■ Dataset extract ■
══════════════════════════════
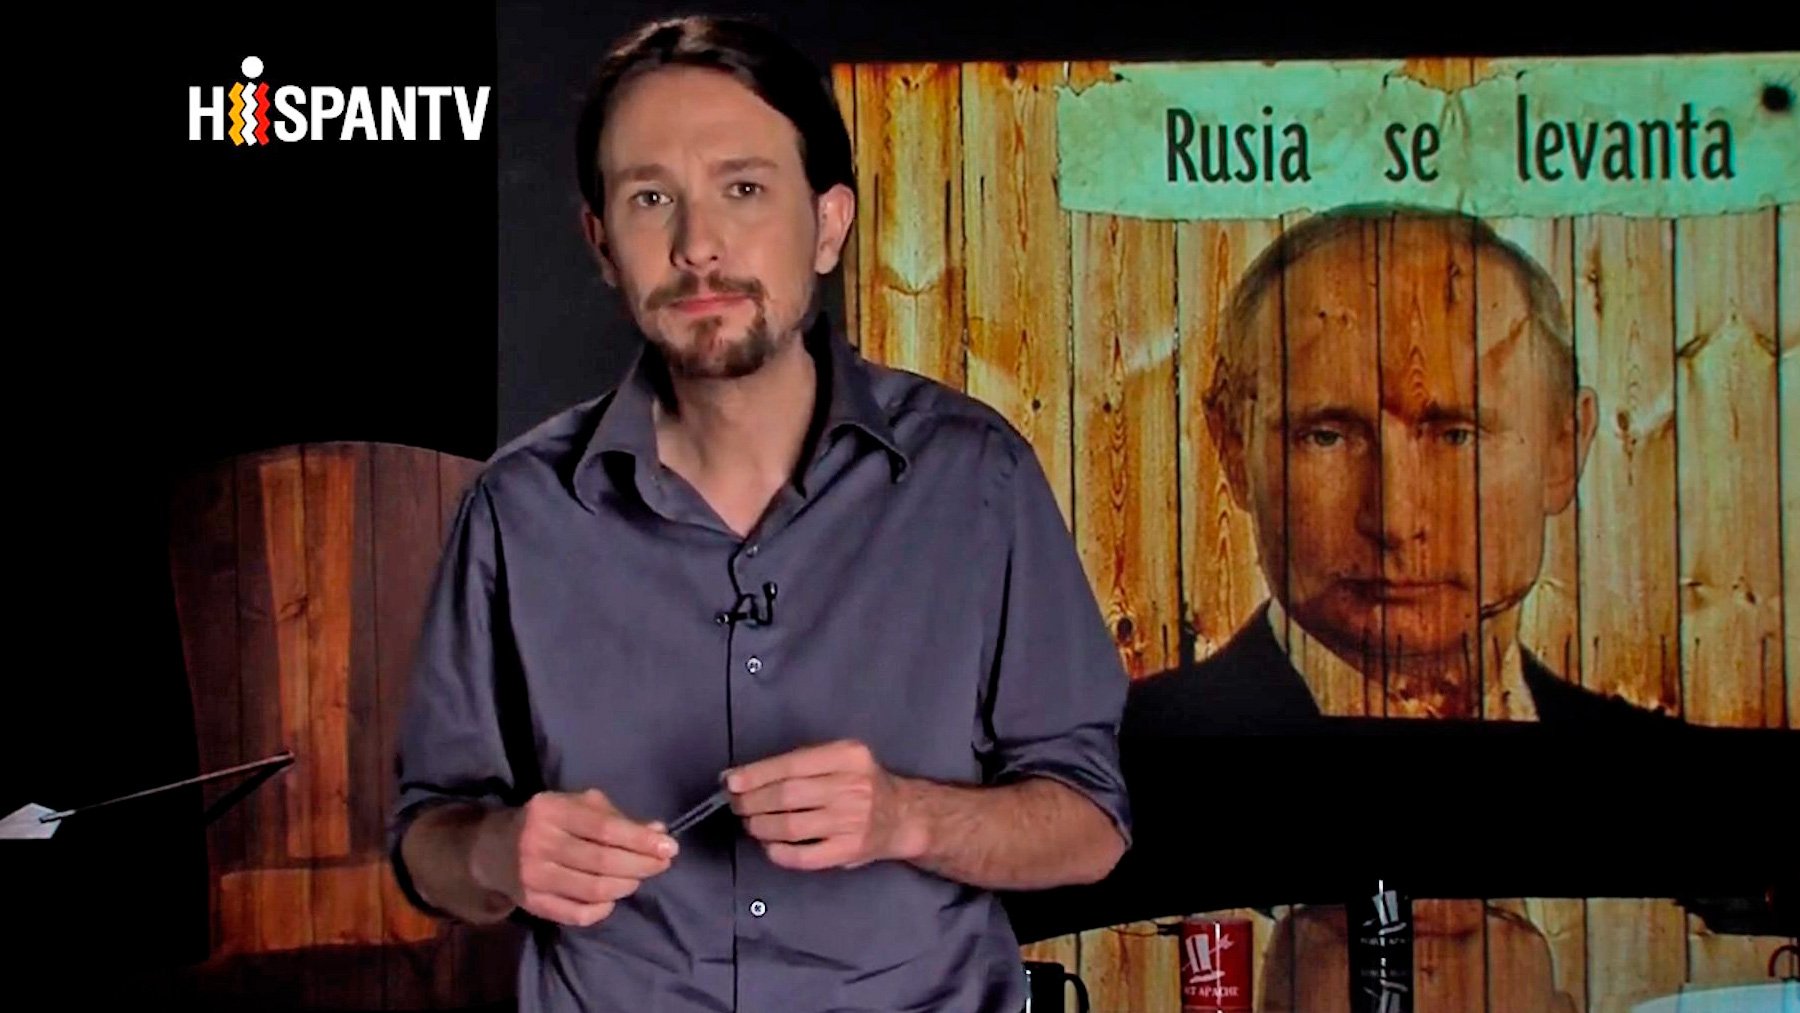 Pablo Iglesias con una imagen de Putin en uno de sus programas en Hispan TV.
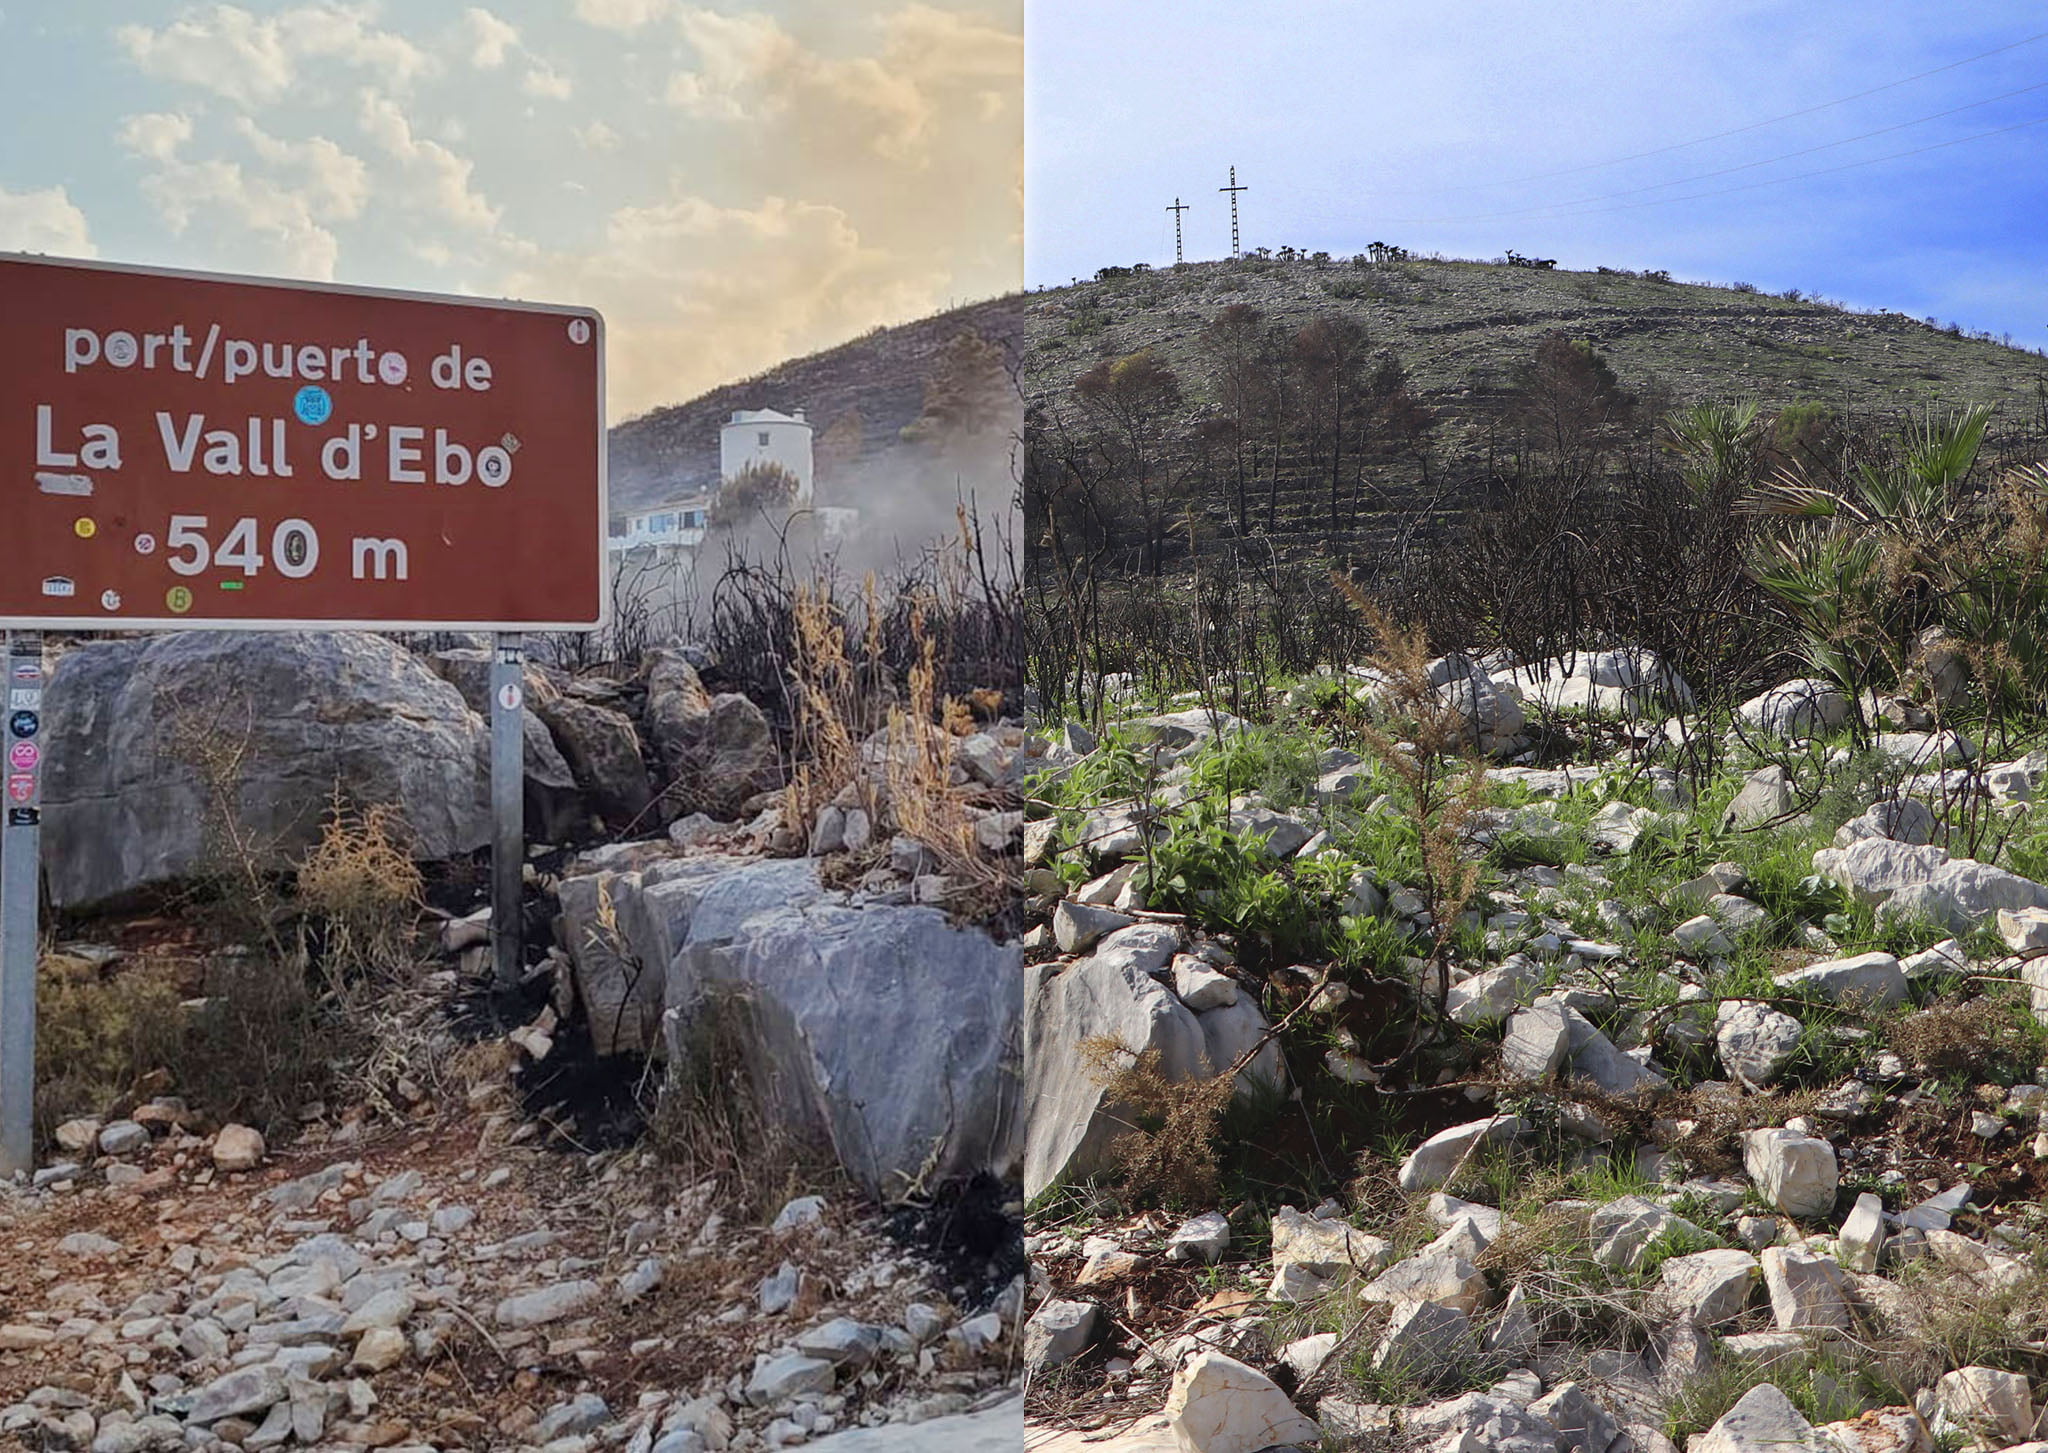 El port de la Vall d’Ebo durante y después del incendio
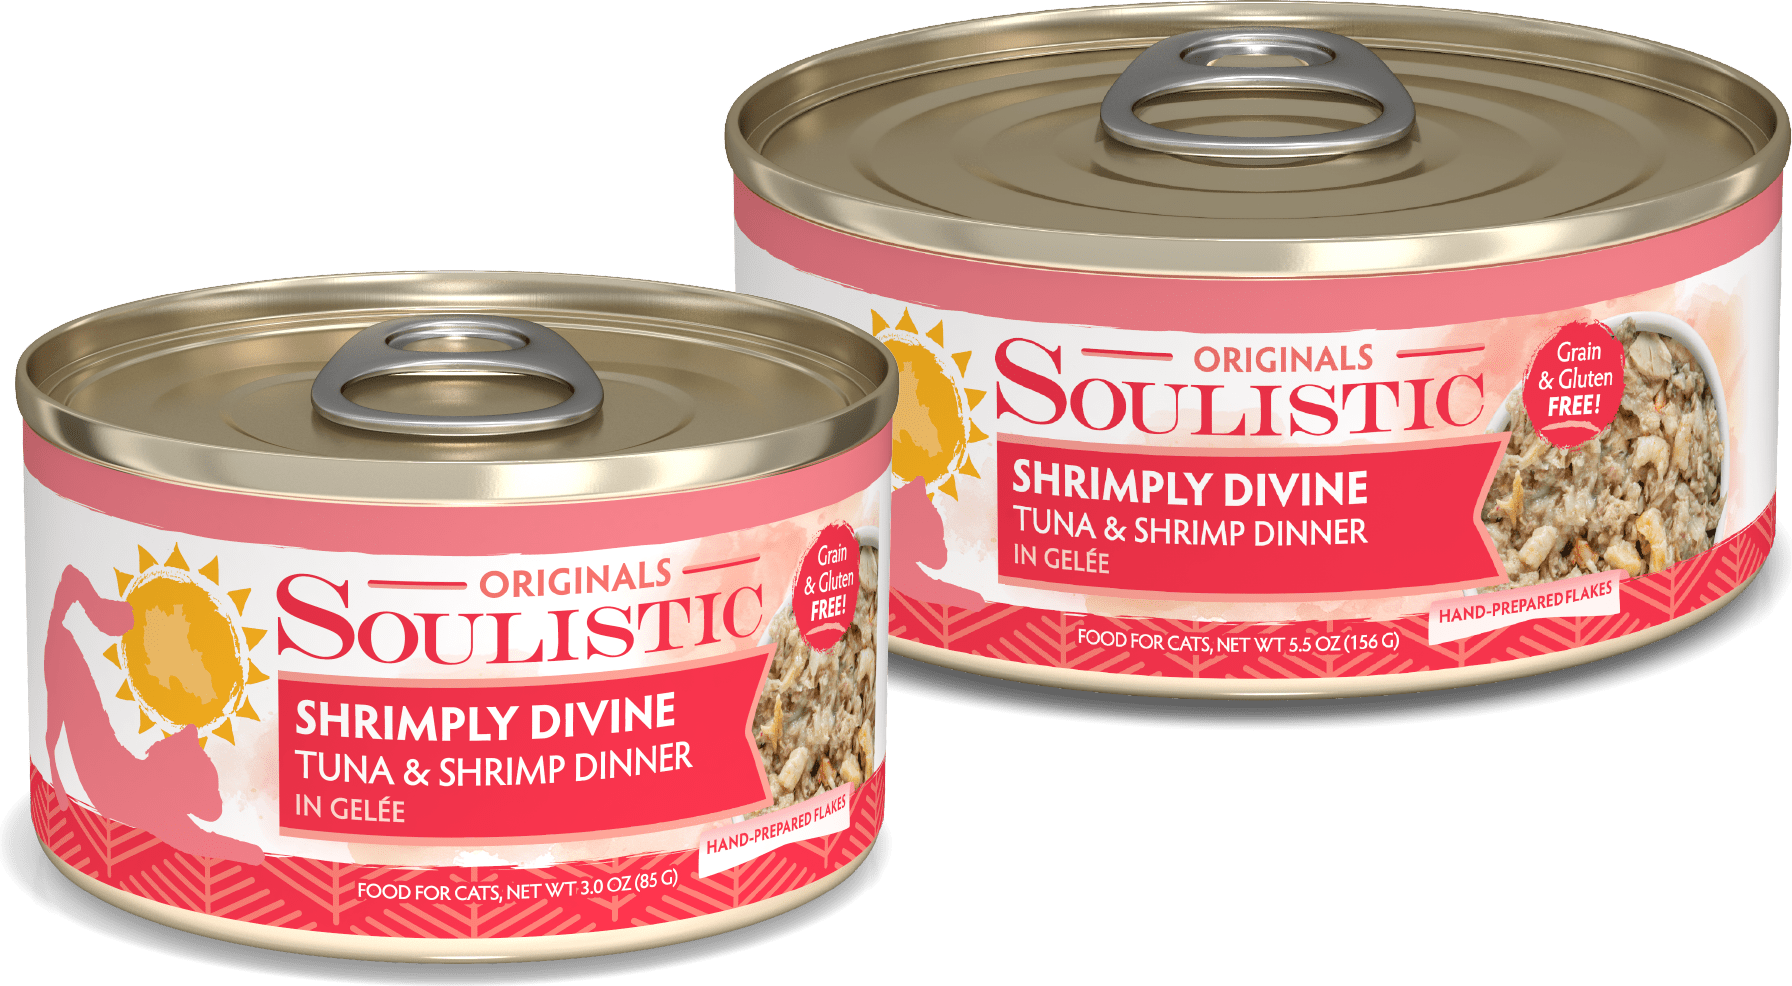 Soulistic Shrimply Divine
══════════════════════════════
■ Exercise goal ■
No pictures should appear in the copy. Print exactly the lines above from the line containing "El port de la" through the last line of the data.

■ Solution ■
 El port de la Vall d’Ebo durante y después del incendio
 Soulistic Shrimply Divine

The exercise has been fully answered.